No caso apresentado, havia história de contato com gato, mas sem relato de arranhadura ou mordedura. Nessa situação o diagnóstico depende de um alto nível de suspeição. Clinicamente, vários sinais e sintomas clínicos foram compatíveis com o quadro de DAG. O fato do paciente manter-se bem, apesar da pronunciada linfonodomegalia que apresentava, sem sinais de toxemia, é característico de DAG.
O paciente da doença de arranhadura de gato tem menos de 20 anos (80%), com discreta predileção pelo sexo masculino. Uma ou duas semanas após a arranhadura do gato há um período de incubação de 3 a 30 dias, ao final do qual aparecem, no local da inoculação, geralmente em área descoberta, uma ou mais pápulas eritematosas com rápida evolução para lesão vesico-pustulosa.
A lesão primária regride sem formação de cicatriz. Outras formas de apresentação da lesão primária incluem lesões incisas inflamadas ou marcas purpúricas dos dentes do felino. A linfonodomegalia regional desenvolve-se cerca de duas semanas após a inoculação, sem linfangite evidente, e permanece por um longo período. É geralmente única (43% dos casos), com linfonodos aumentados de volume, móveis, dolorosos e sinais inflamatórios na pele suprajacente.
Apresenta-se com intensa flogose local em 80% dos doentes, sendo incomum a supuração (13% dos casos). Os gânglios axilares e submandibulares são os mais afetados, seguidos do pré-auricular e do epitroclear. Sinais sistêmicos, como anorexia, náuseas, calafrios, adinamia e febre moderada, ocorrem em 60% dos casos. Os episódios febris duram de três dias a cinco semanas e guardam relação direta com a supuração ganglionar2-5. No caso do paciente, a lesão primária e sinais sistêmicos não foram visualizados, apenas a linfonodomegalia, mas sem presença de sinais flogísticos locais.

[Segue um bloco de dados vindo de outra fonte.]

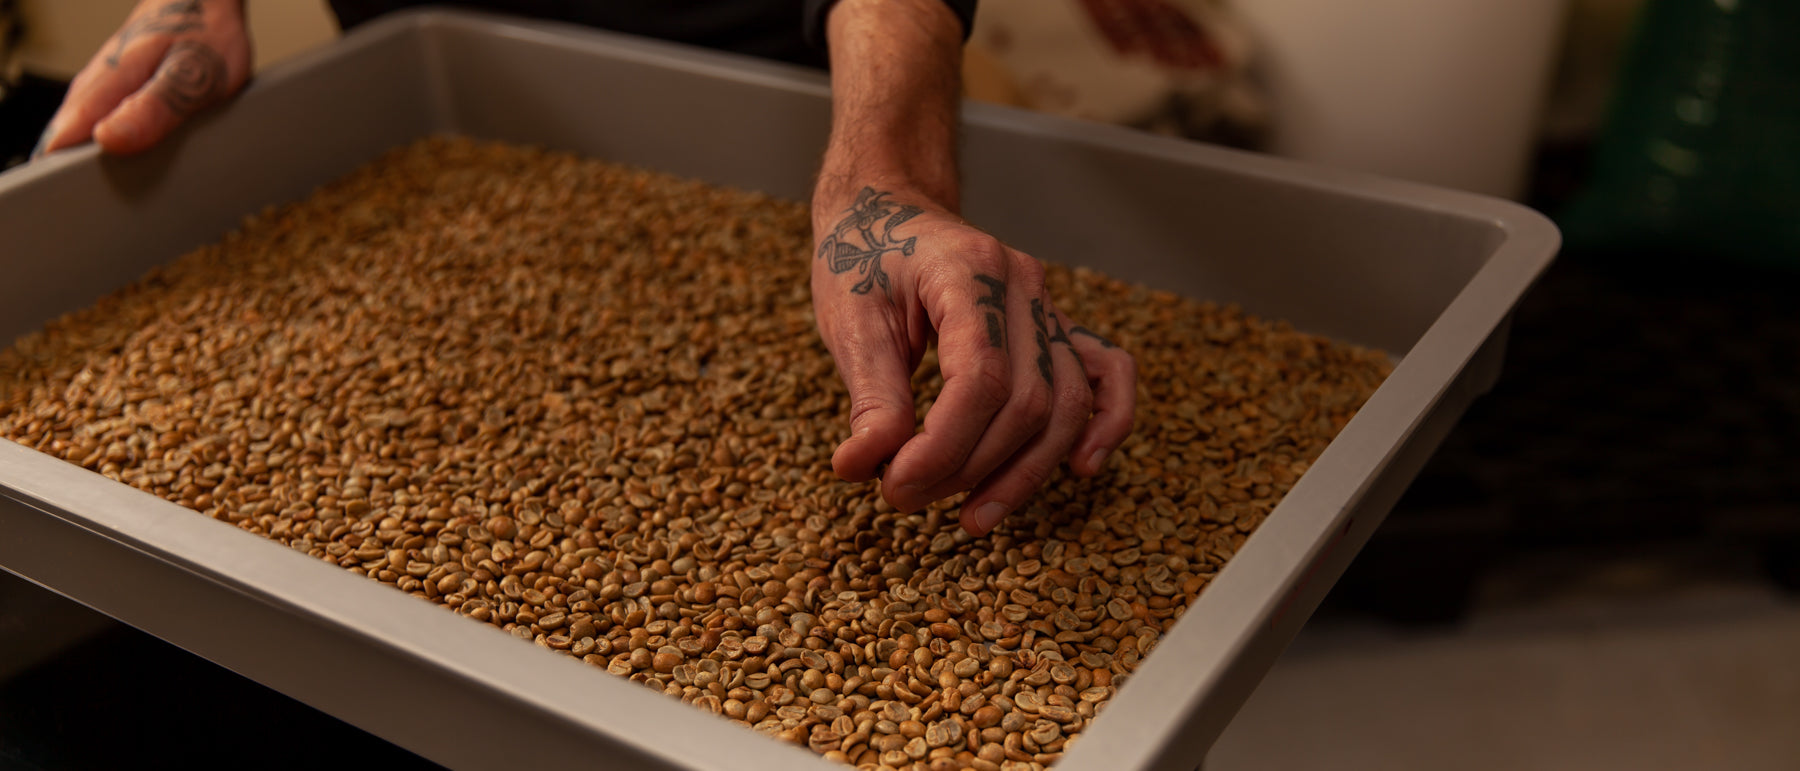 A worker's hand sorts through a tray of green coffee beans at the Loom Coffee Co. roasting facility.

A biópsia é um dos métodos úteis no diagnóstico da DAG e na exclusão de outras etiologias. Apesar das alterações histológicas linfonodais serem consistentes, elas não são patognomônicas. As alterações precoces consistem em hiperplasia folicular com leve distorção da arquitetura linfonodal, além de atividade macrofágica e deposição de material proteináceo intercelular amorfo.
Microabscessos com necrose focal e aglomerados neutrofílicos surgem primeiramente abaixo do seio subcapsular, progredindo do córtex para a medula. Os focos necróticos aumentam, os neutrófilos tornam-se fragmentados e há deposição de fibrina. Finalmente, os macrófagos margeiam o abscesso, formando um halo de células epitelioides com raras células gigantes do tipo Langhans, resultando no clássico granuloma necrotizante em paliçada1,7.
Os diagnósticos diferenciais histológicos incluem outras linfadenites supurativas bacterianas, linfadenites fúngicas, tuberculose, linfogranuloma venéreo, tularemia, linfadenite necrotizante de Kikuchi e linfomas. Estudos sorológicos, colorações especiais para Bartonella e estudos moleculares podem ser necessários na distinção destas entidades1,7.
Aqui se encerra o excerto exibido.